Hypothetically they might offload all background tasks to run completely on a remote server interacting locally only to send events. I admit a generic API for this would have very interesting possibilities for app developers. But if google designed it it would very likely be locked to google services, which I’d have to vehemently protest. I personally couldn’t condone any server based solution unless it is completely open source and vendor neutral, things that google traditionally gets a failing grade for.
I was more going for the logic that if someone can keep their phone longer, it stays out of landfill and doesn’t require the manufacture of a new device every contract cycle.
Adurbe,
Sure, and I agree with your logic. It’s just that with capitalistic enterprises, profits > environment. There’s almost no end in which they, left to their vices, won’t sell out the environment for the financial gains of a few. It’s basically the plot of “the lorax”, except for real.
100% agree. Google spent that time on Android Studio in the last year or two & it was awesome. Doing so for Android OS would be great to me.
But, performance can also come down to app performance. I’ve done enough code reviews to know that some developers “get it” on performance and plenty more have *no clue*. For instance, I’ve seen way too many instances where devs didn’t know about SQLite transaction overhead & did batch inserts/updates as separate transactions. It’s one nice thing about the Room library that you can hand it a `List` and it’ll do the batched transaction for you.
I’m still figuring out Jetpack Compose, but I can see that being a boon for performance. It may well be the way for performant apps is at an API level to workaround devs who don’t understand how to do it. It makes me very sad that it’s coming to that! BUT, it may take that.
I mean, I only care about the new tech stack in updates that will be useful in the future like the wideband addition here, bluetooth standards, etc.
I don’t understand the “Ugly ” complaints that have pretty much always followed Android. its fine. Really. I don’t complain about the color of my desk calculator or my tool set in the garage. If its easily usable, then the colors don’t matter that much to me, and I Imagine a large number of people.
> because, after Android 9, it’s mostly “features” that make the UI uglier.
Who really actually cares about the UI. Sane people don’t unless it is really bad and 99% of apps do not follow it anyway. (and hey it’s a mobile platform it’s mostly full screen so there is no UI as such).
11 improved things a lot. 12 regresssed. And updates and 13 have improved it. Or course people with phone that do not get many updates iand no incremental ones may feel different.
I have upgraded to 13 on my 2 phones, where as my shitty samsungh work phone is stucjk on 11 probably forever. (Still was an imprevement over 10).

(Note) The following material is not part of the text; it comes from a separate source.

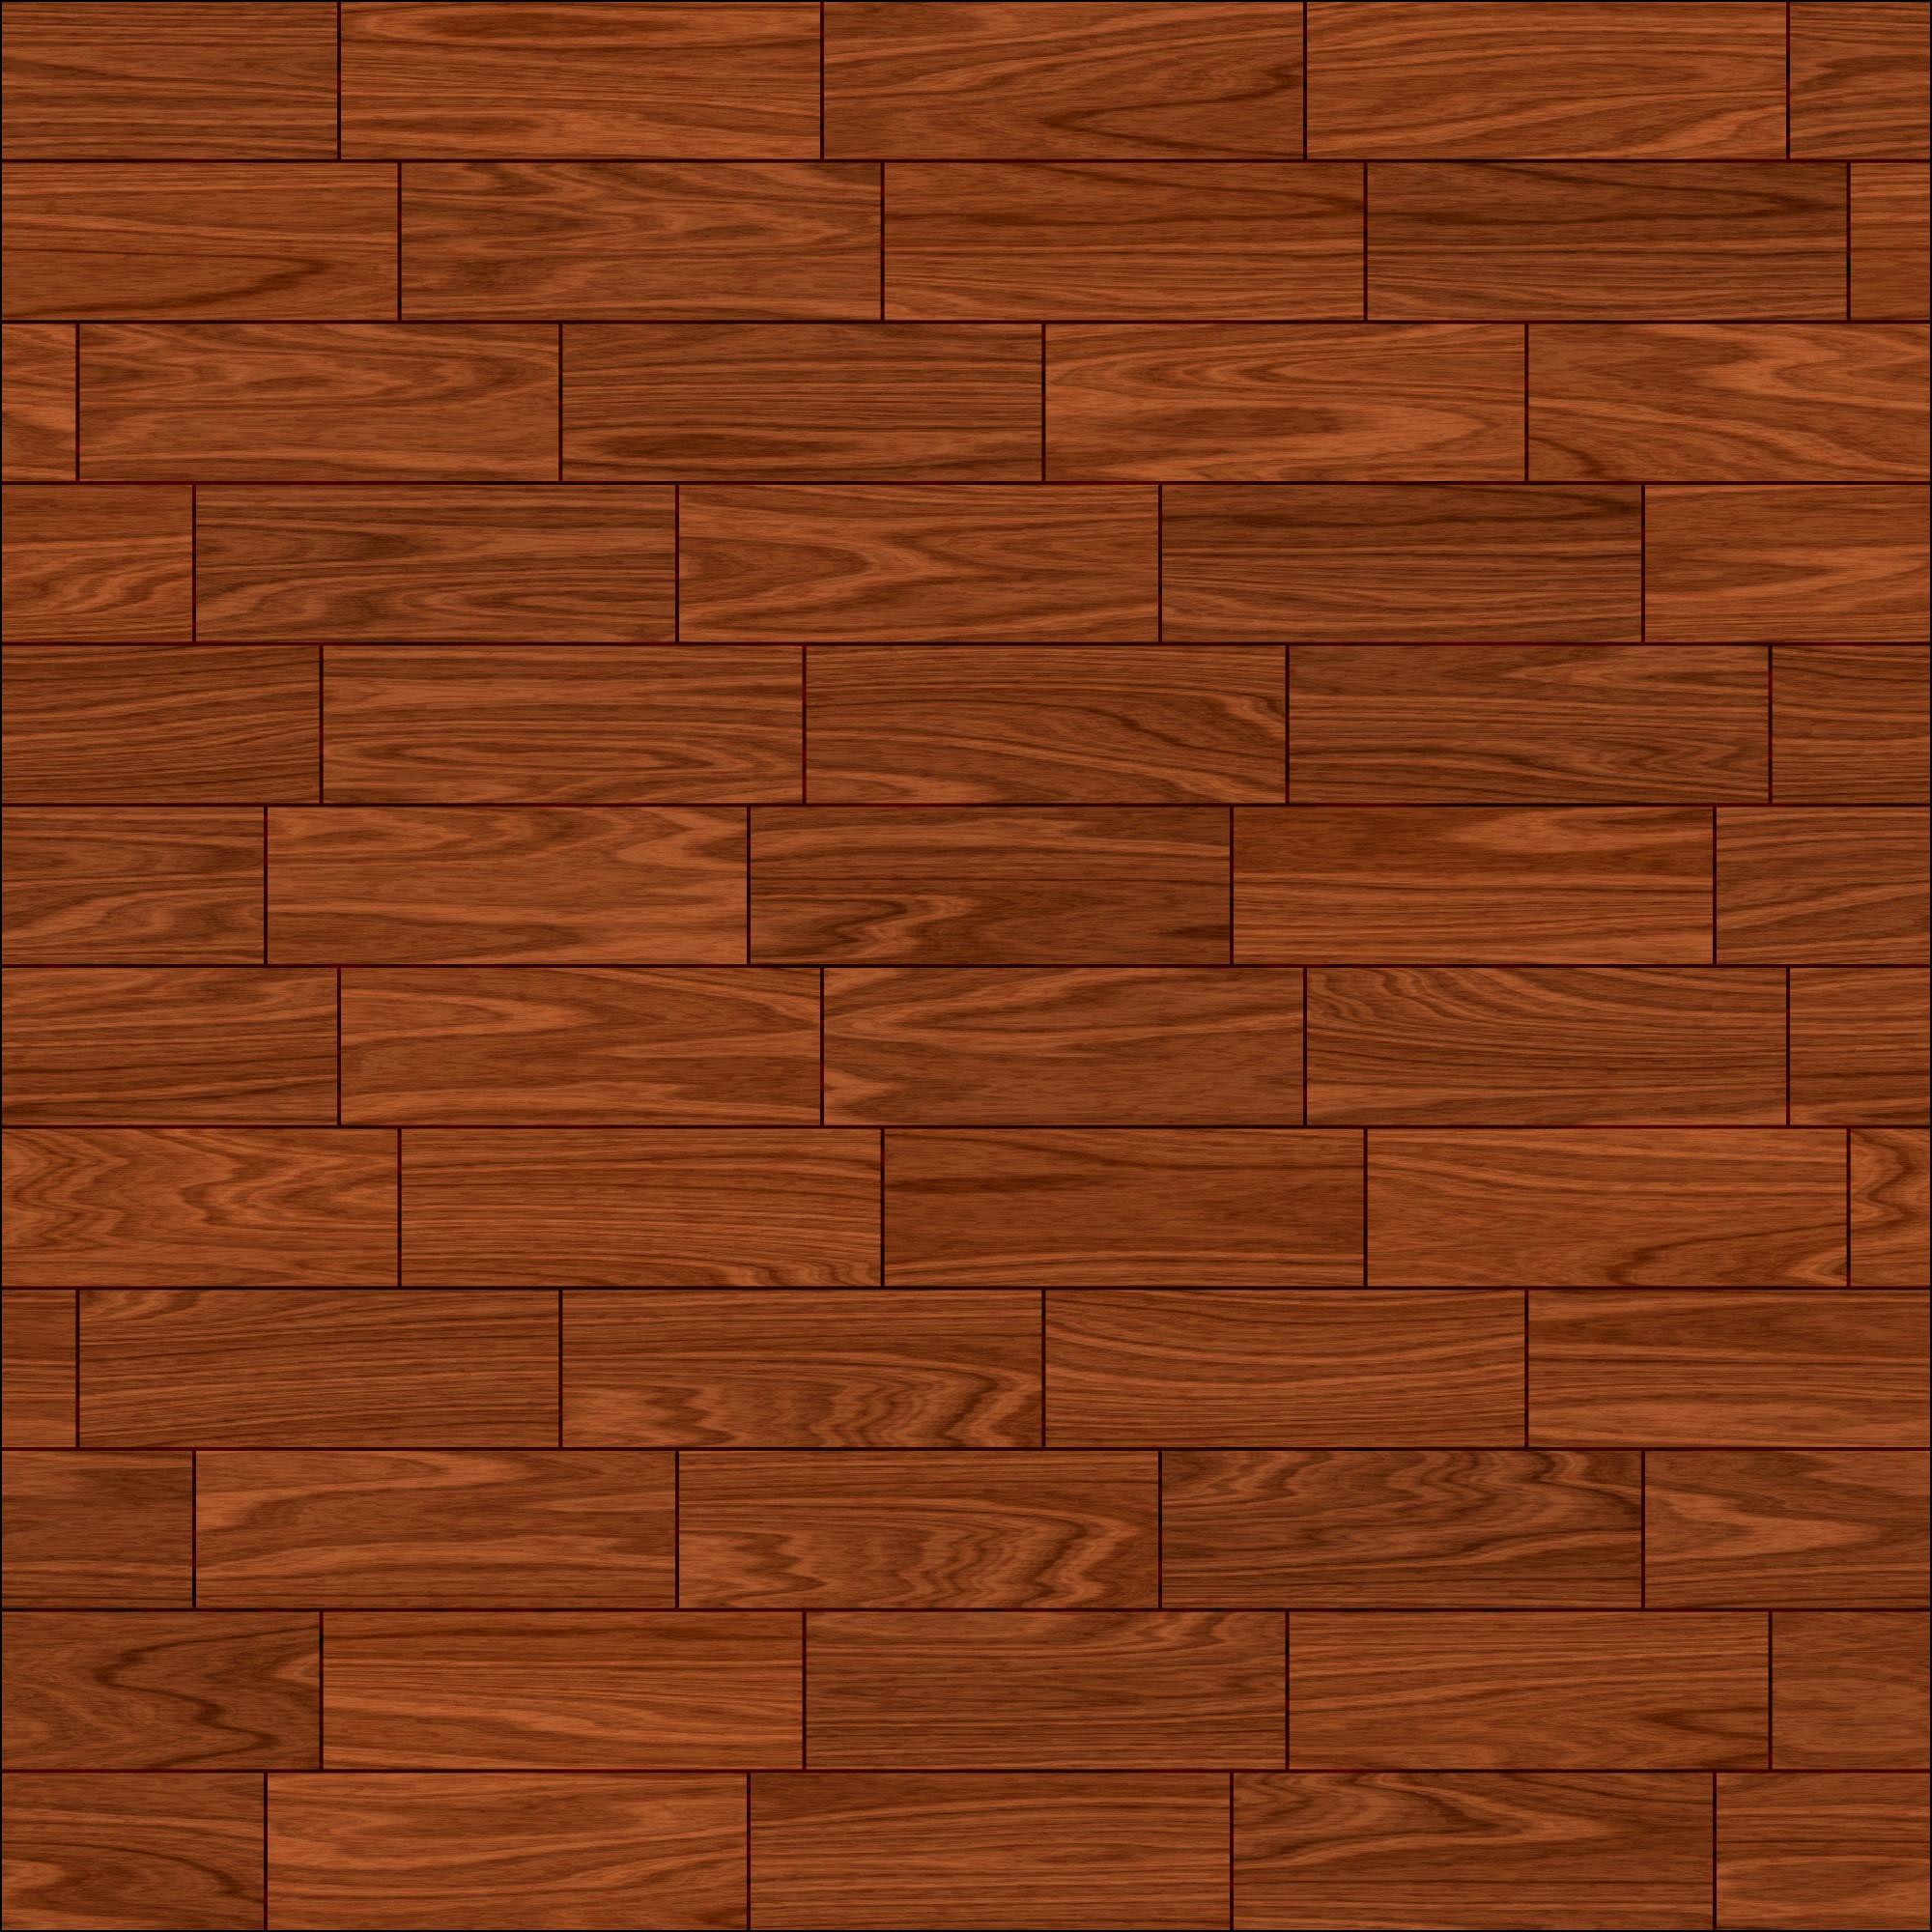 bruce hardwood floors lowes of wide plank flooring ideas in wide plank wood flooring lowes galerie nice wide plank flooring installation guide for wood floor of

A couple of years back all this made sense. As each new Android version did bring some novelty and general improvements. But then i guess at some point it got done. Great mobile phone for reasonable amount of money that you can run just about any application on it. To browse the internet while preserving a good battery life. Now Android updates are more or less about things like “reinventing” or better “NIH”. Increasing resources consumption for no clear benefit. For each new version to make it harder to prevent gathering of data. A few years back you bought the mobile phone and on first boot could opt-out of anything. Some options being opt-in. Good luck with that today. Google engineers are literary producing new versions of Android based on “improvements” in regards on how hard it is to opt-out of Google gathering data. Turning on a mobile phone for the first time in 2022. If it would be like that at the beginning. Google would never succeed. People just wouldn’t agree to it and the device would end up in trash. The screen size of new models is just ridiculous. Nothing mobile about it anymore. We are going backwards.